▸ **Work to be completed**
Only the lines below from the one containing "Flower bed with" through the one containing "Quitman senior band" belong in the answer, repeated exactly and without pictures.

==== Source records ====

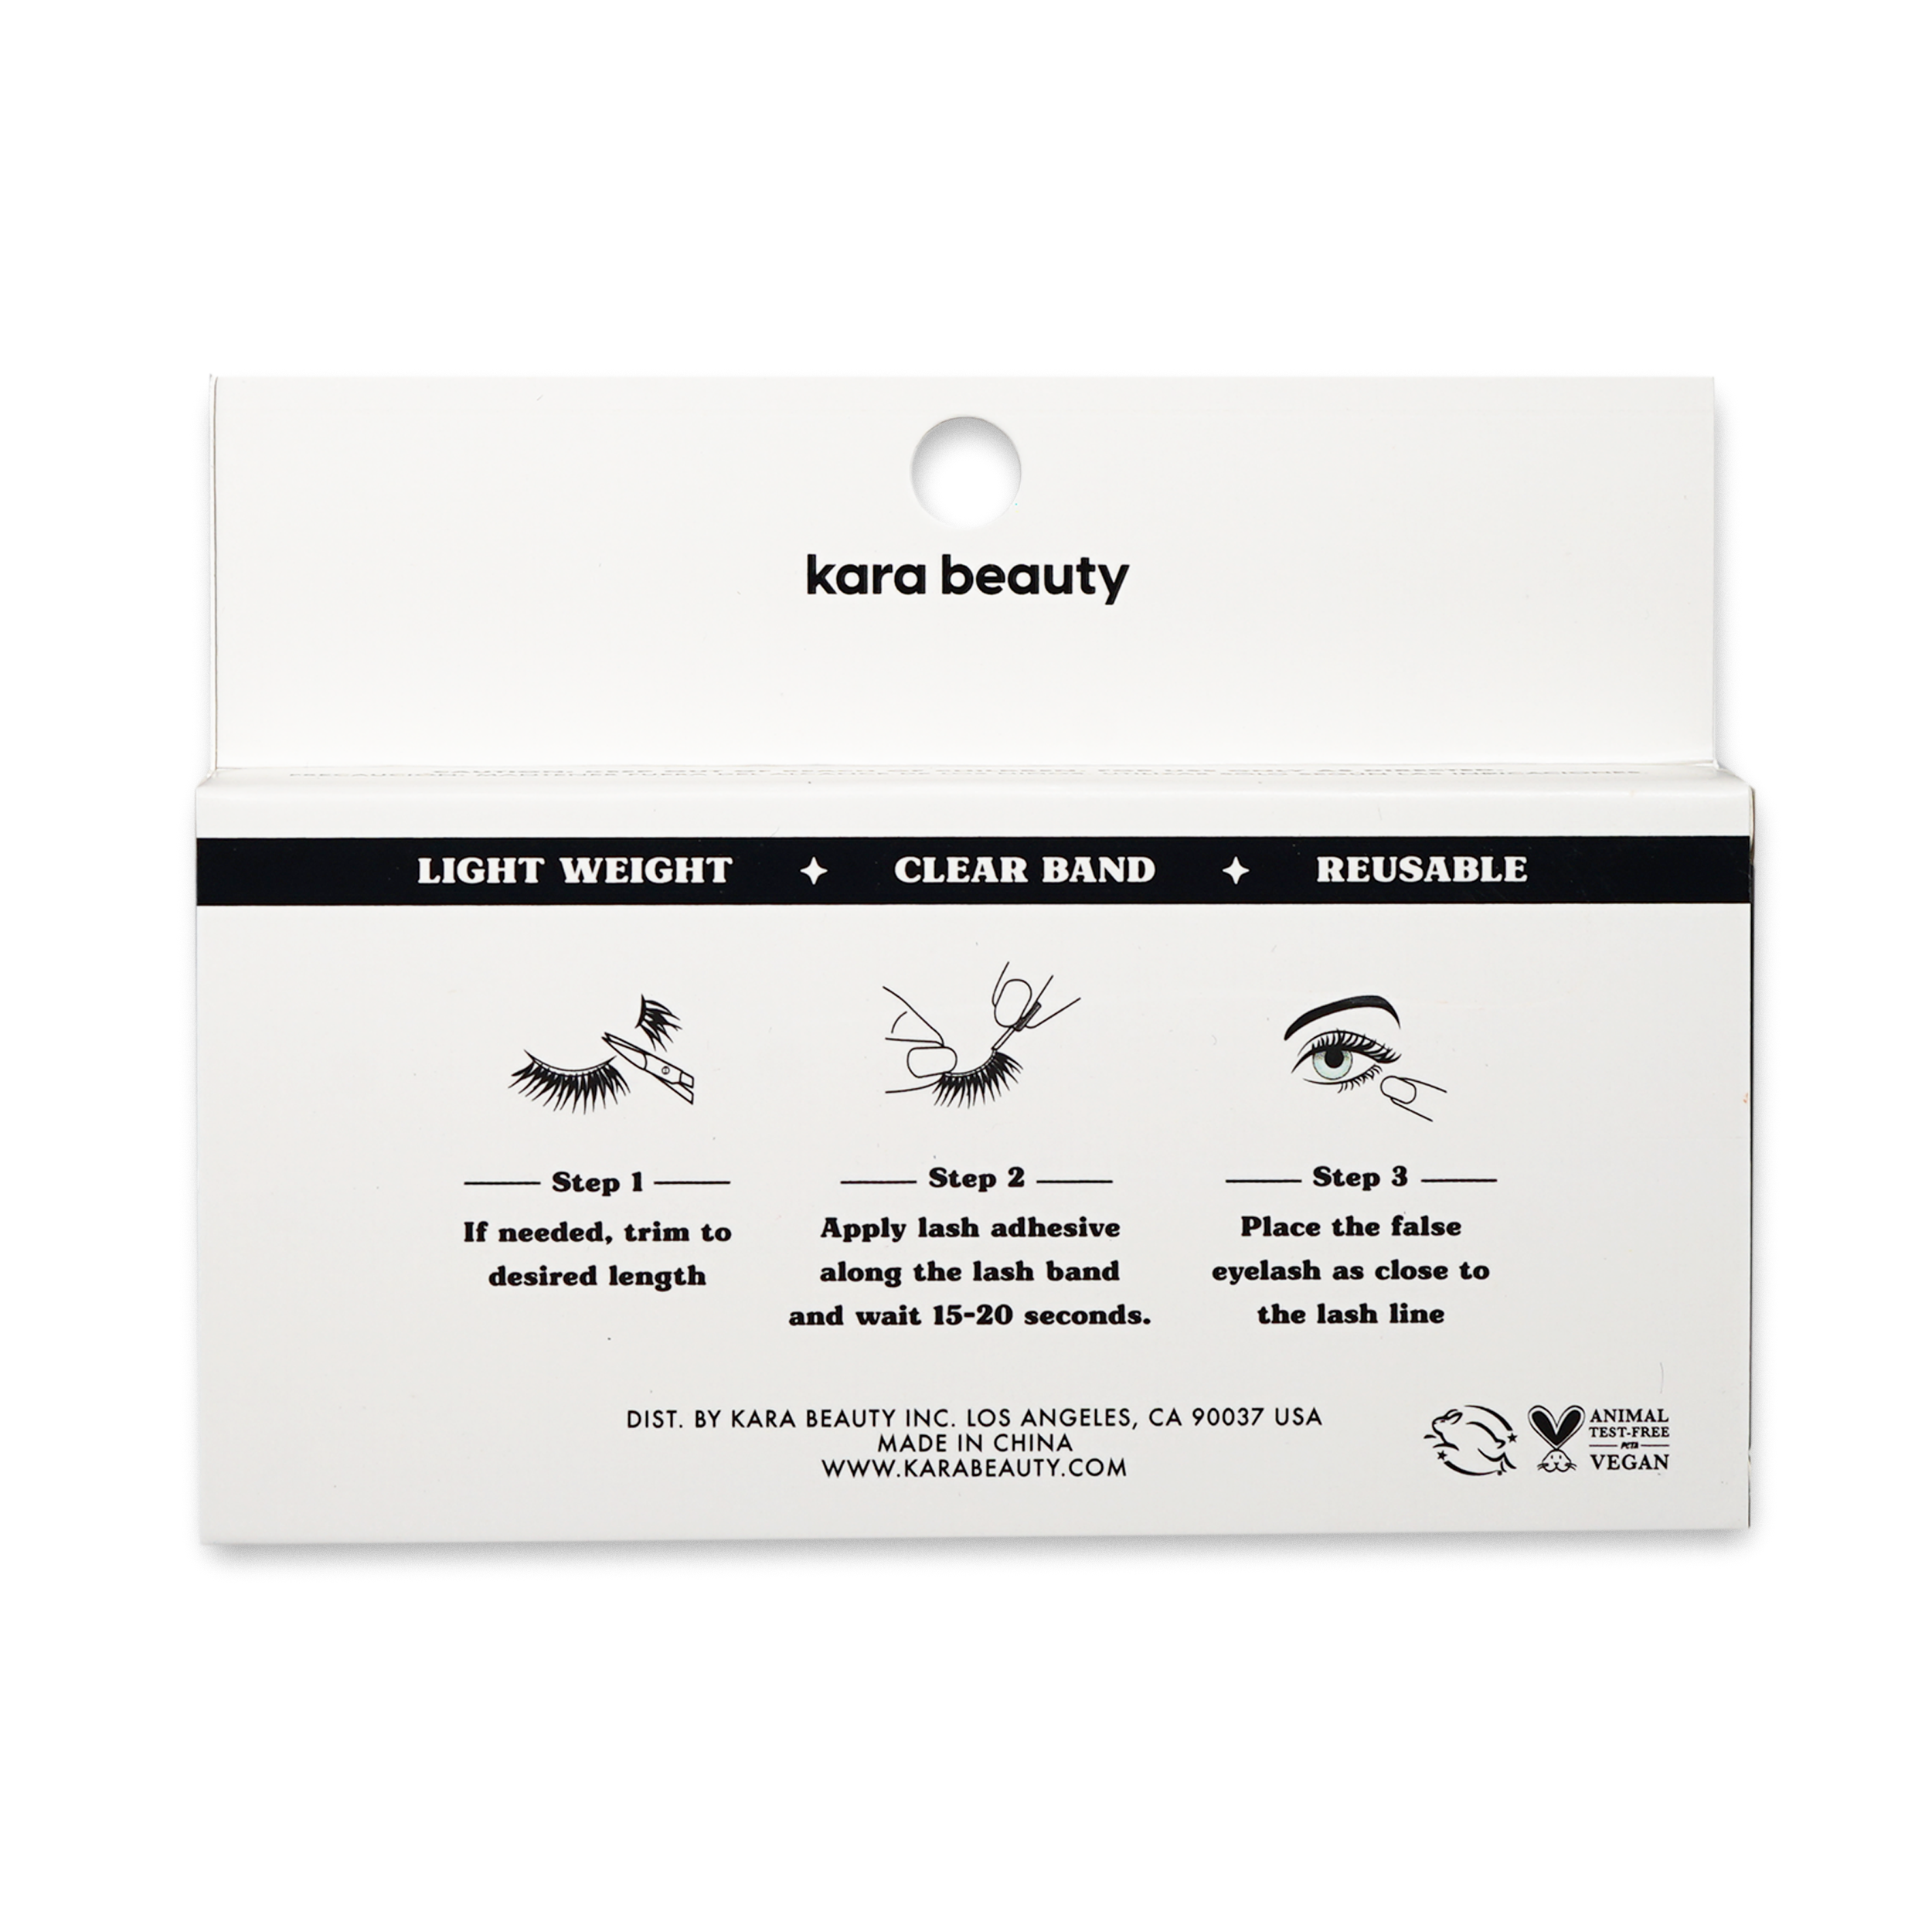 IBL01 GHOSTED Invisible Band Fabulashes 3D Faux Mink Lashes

====
==== Source records ====

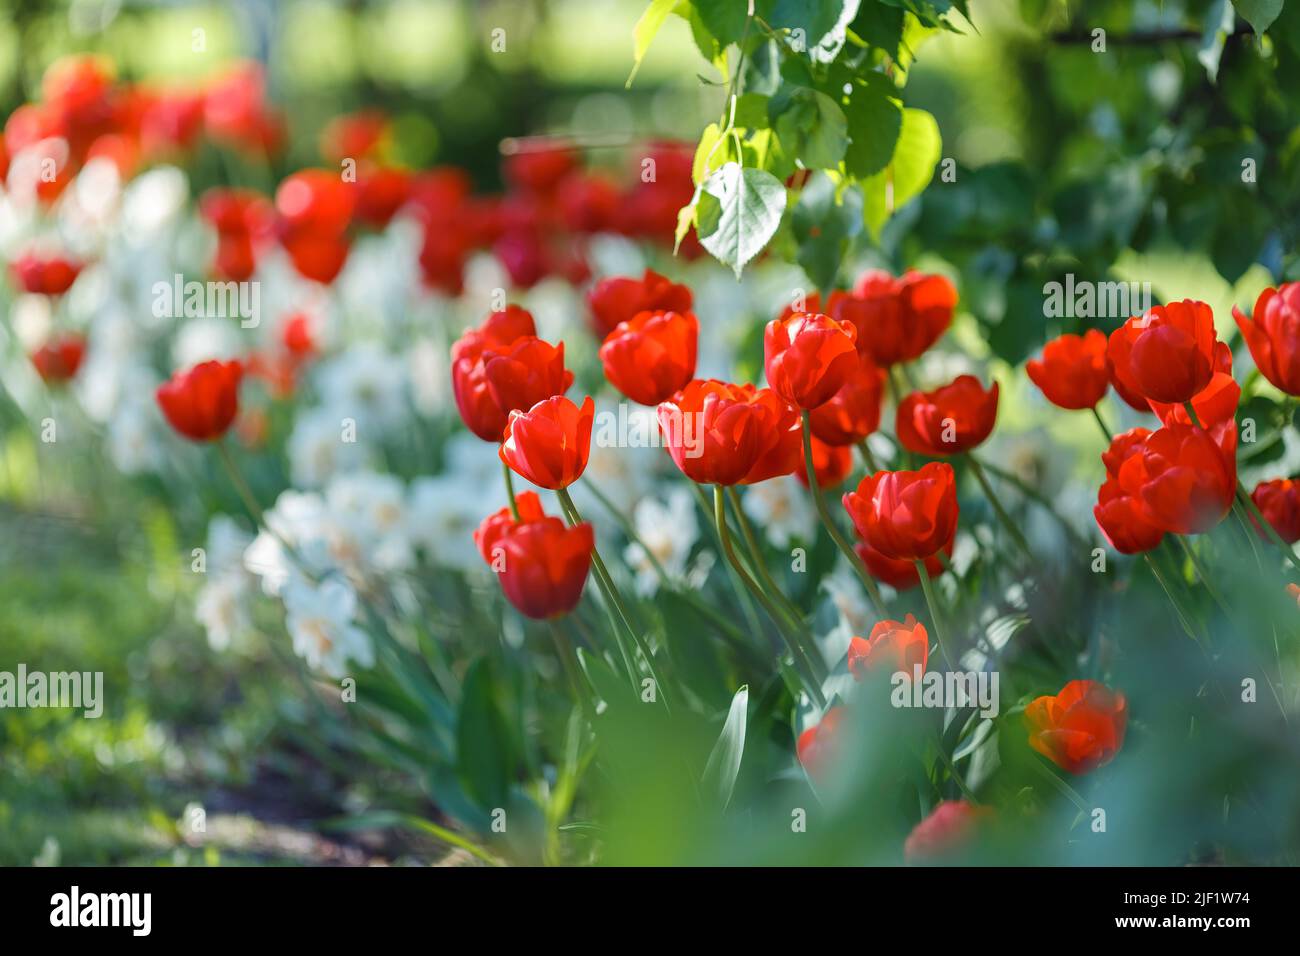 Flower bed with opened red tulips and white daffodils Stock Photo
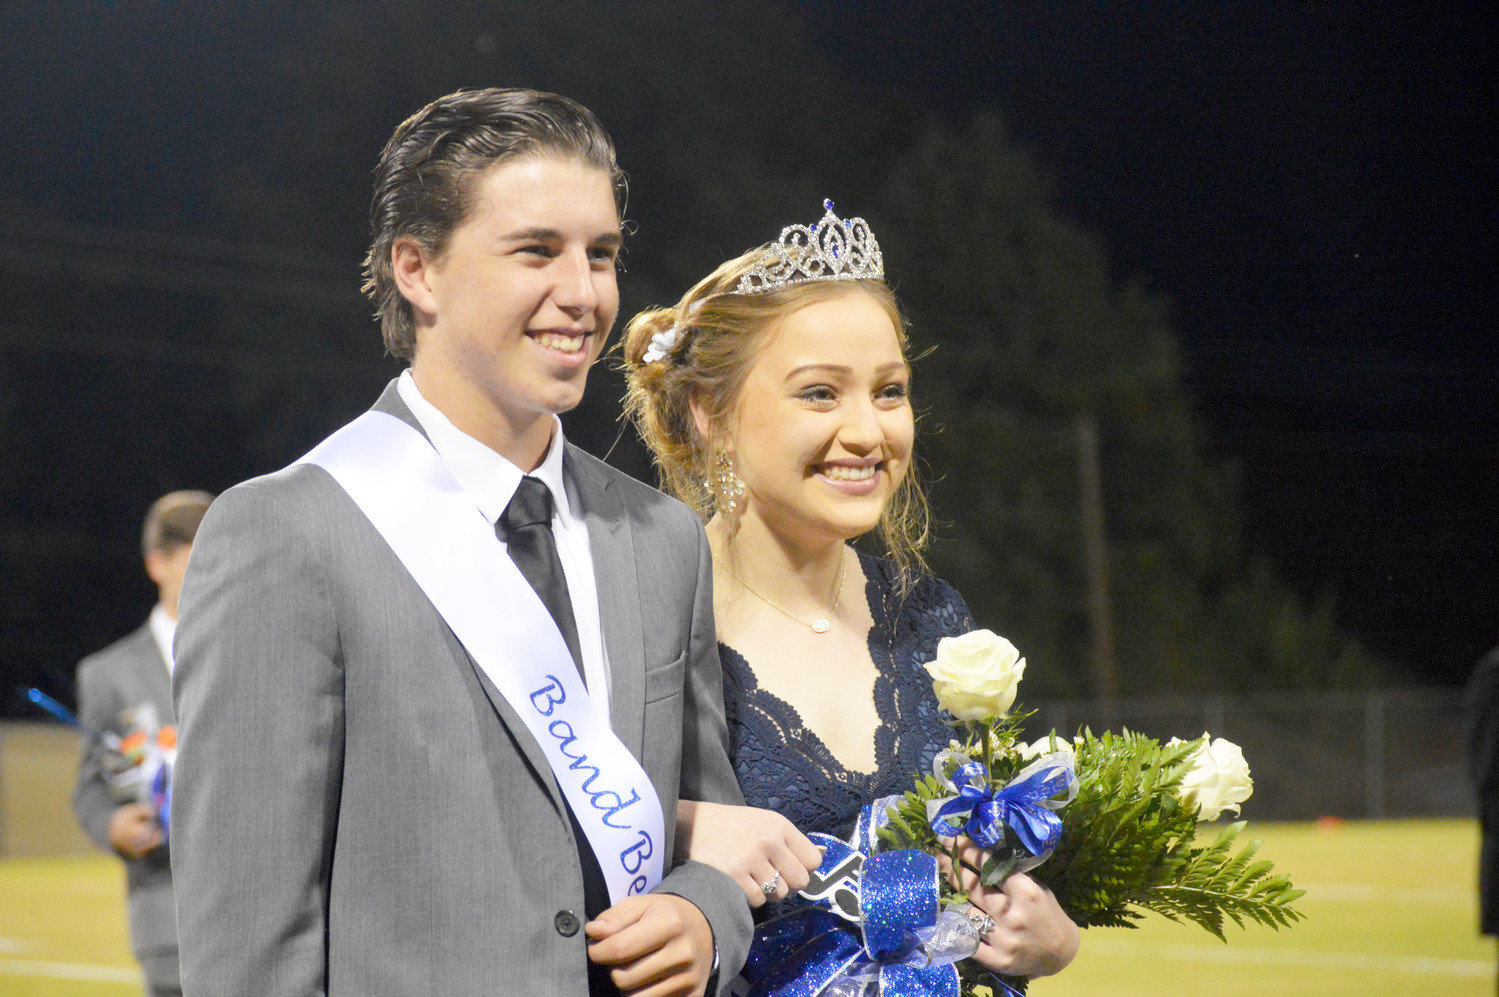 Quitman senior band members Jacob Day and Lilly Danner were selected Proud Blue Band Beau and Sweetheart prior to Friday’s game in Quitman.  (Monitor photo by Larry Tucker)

====

▸ **Task output**
 Flower bed with opened red tulips and white daffodils Stock Photo
 Quitman senior band members Jacob Day and Lilly Danner were selected Proud Blue Band Beau and Sweetheart prior to Friday’s game in Quitman.  (Monitor photo by Larry Tucker)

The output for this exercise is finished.